The aim of our group is to understand the molecular basis of cellular differentiation, morphogenesis, and cell division in bacteria and to elucidate how one-dimensional genetic information is translated into defined spatial and temporal regulatory patterns. To address these questions, we are using a combination of cell biological, biochemical, structural, and bioinformatic approaches. Our studies focus primarily on the model organism Caulobacter crescentus, a Gram-negative bacterium that is characterized by its unique developmental cycle. In addition, we have extended our work to alternative model systems to facilitate comparative studies.
Intracellular protein gradients play a critical role in the spatial organization of both prokaryotic and eukaryotic cells, but in most cases the precise mechanisms underlying their formation are still unclear. We are investigating the function of a gradient-forming system, based on the conserved ATPase MipZ, that determines division site placement in the differentiating bacterium Caulobacter crescentus. MipZ interacts with a kinetochore-like nucleoprotein complex formed by the DNA partitioning protein ParB in proximity of the chromosomal origin of replication. Upon entry into S-phase, the two newly duplicated origin regions are segregated and tethered to opposite cell poles, giving rise to a bipolar distribution of MipZ, with a defined concentration minimum at the cell center. Since MipZ acts as an inhibitor of divisome formation, its gradient-like pattern effectively confines cytokinesis to the midcell region.

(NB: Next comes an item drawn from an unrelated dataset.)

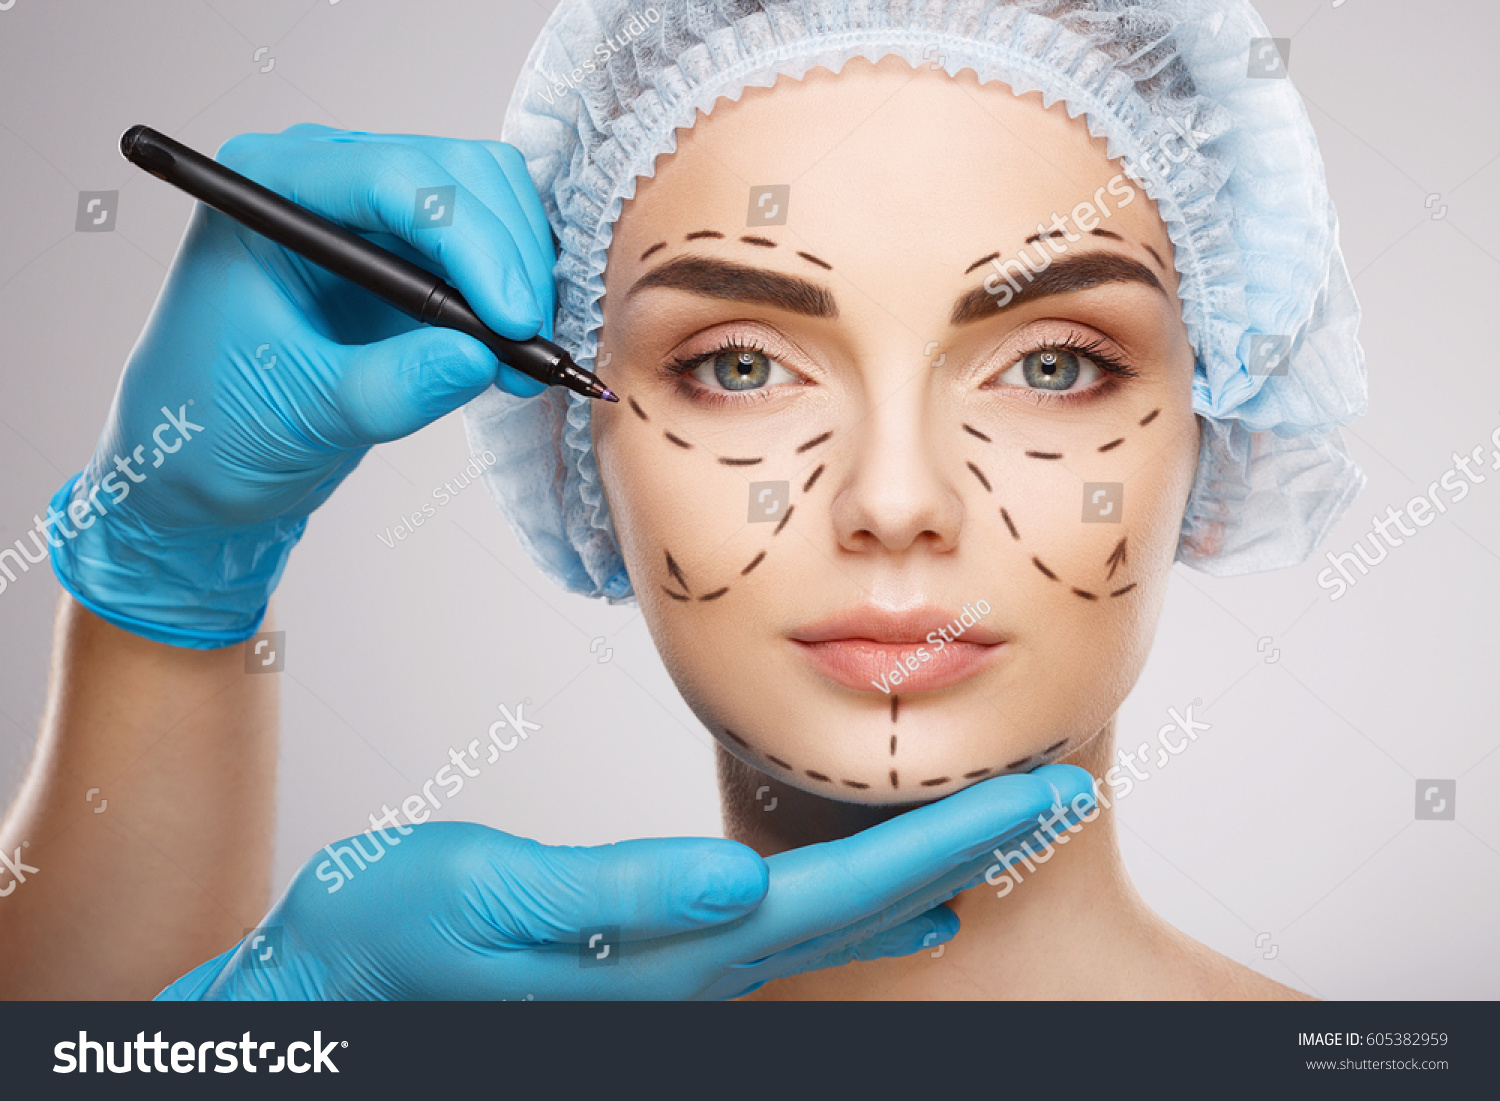 Pretty girl with dark eyebrows wearing blue medical hat at studio background, doctor's hands wearing blue gloves drawing perforation lines on face, plastic surgery concept. #605382959

In collaboration with the group of Peter Lenz, we are using a combination of biochemistry, cell biology and computational modelling to investigate the mechanism driving formation of the MipZ gradient. We have solved the crystal structures of MipZ in the apo and ATP-bound state and started to dissect the determinants that ensures the dynamic recruitment of MipZ to the polar regions of the cell. Our results indicate that MipZ alternates between distinct conformational states that display marked differences in their interaction networks and diffusion rates. As a consequence, the protein undergoes an elaborate localization cycle, involving its oscillation between the polar ParB complexes and pole-distal regions of the nucleoid. The MipZ gradient thus represents the steady-state distribution of molecules in a highly dynamic system. Our work enlightens the principles that govern the establishment of a regulatory protein gradient within the confined space of the bacterial cytoplasm and provide the basis for the future implementation of gradient-forming systems in synthetic cells.